Não tenho respondido a comentários e bem sei que isso parece impossível. Deveria ter tempo de sobra para tudo e o que me parece é que não estou a saber geri-lo bem. Desculpo-me dizendo a mim própria que isto se deve à minha nova ocupação, àquela que abracei há uns meses, e que sabia de antemão que seria assim, tomador de todo o meu tempo e energia. Mas o facto de esta fase coincidir com este período de teletrabalho é propício a que o trabalho se expanda absorvendo toda a minha disponibilidade.
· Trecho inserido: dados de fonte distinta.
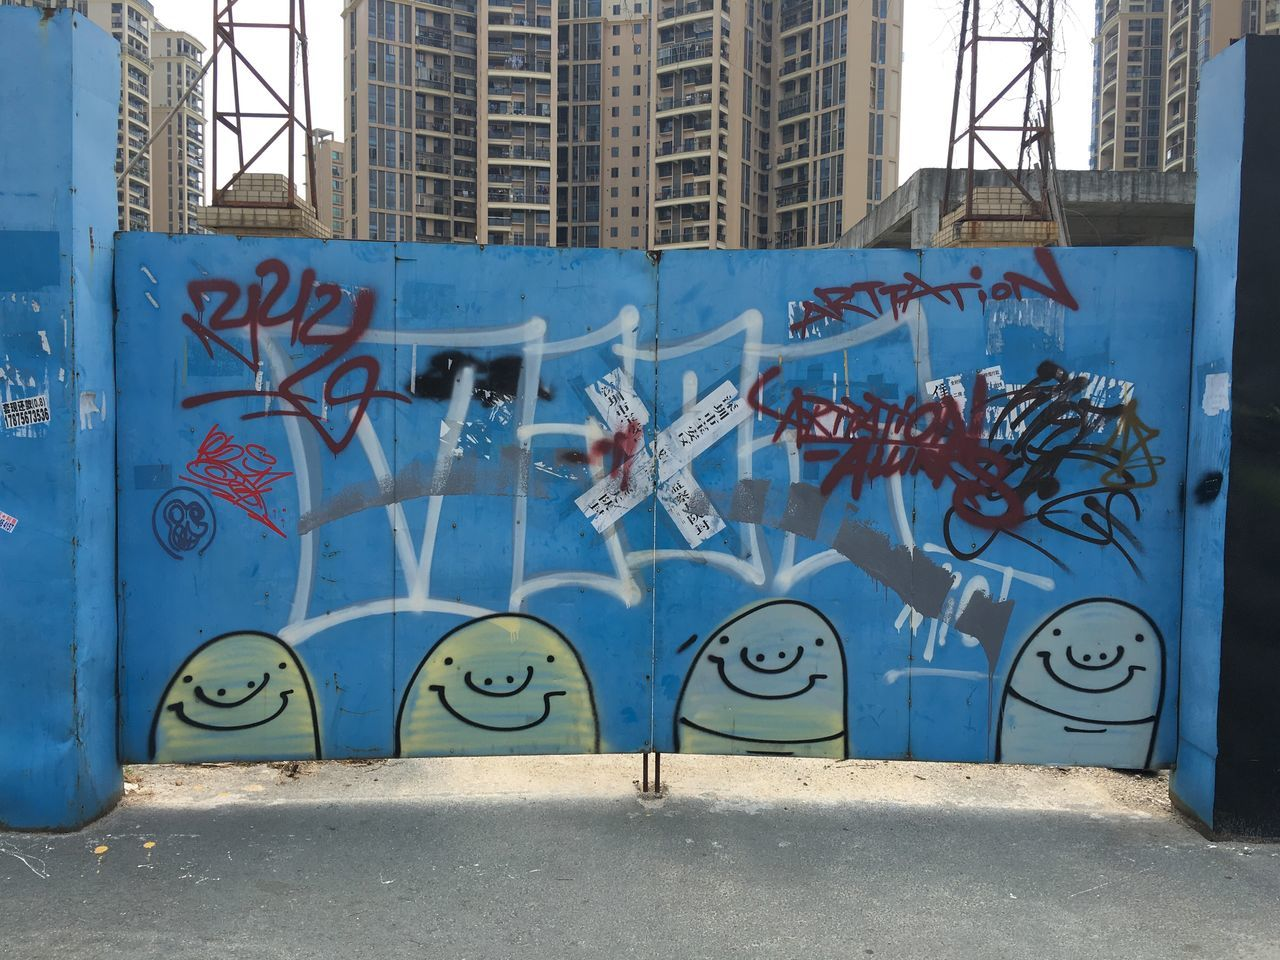 Beautiful stock photos of grafiken, graffiti, building exterior, architecture, built structure

Por isso, chego a aqui e sinto-me quase vazia, sem nada de nada nada para dizer. Não sei de assuntos dos quais se possa fazer conversa. Das notícias que leio em diagonal pouca coisa me suscita vontade de opinar. Há aquilo de o medicamento que tem estado a provar bem no combate ao corona ser um que é usado no combate aos piolhos. Acho isso de uma ironia extraordinária. Pois não se está mesmo a ver que o corona é um bicho tinhoso, piolhento? Mas, para falar do assunto, deveria ter pedigree e não tenho. Farmaceuticamente falando, sou rafeira. Por isso, mais vale que fique caladinha.
Também li hoje que uma mulher, em Nova Iorque, sentindo frio em casa e sentindo que o frio era maior quando estava na casa de banho, como que uma aragem que até lhe fazia esvoaçar um ou outro cabelo, resolveu tentar descobrir de onde vinha. Parecendo que a aragem vinha de dentro da parede, resolveu investigar. Até que percebeu que parecia vir do espelho. Então, resolveu tirá-lo. E aí, para sua surpresa e susto, descobriu um buraco. E, de lanterna na cabeça e esquecendo todos os riscos, fez o que não devia: entrou. E foi dar a um apartamento secreto de três divisões. Ao ver uma garrafa de água ainda mais se assustou. Mas depois percebeu que ninguém poderia sobreviver num apartamento sem janelas. Claro que não sei se será bem assim já que alguma corrente de ar deverá haver, senão não sentia a aragem. Mas, enfim, façamos de conta que sim.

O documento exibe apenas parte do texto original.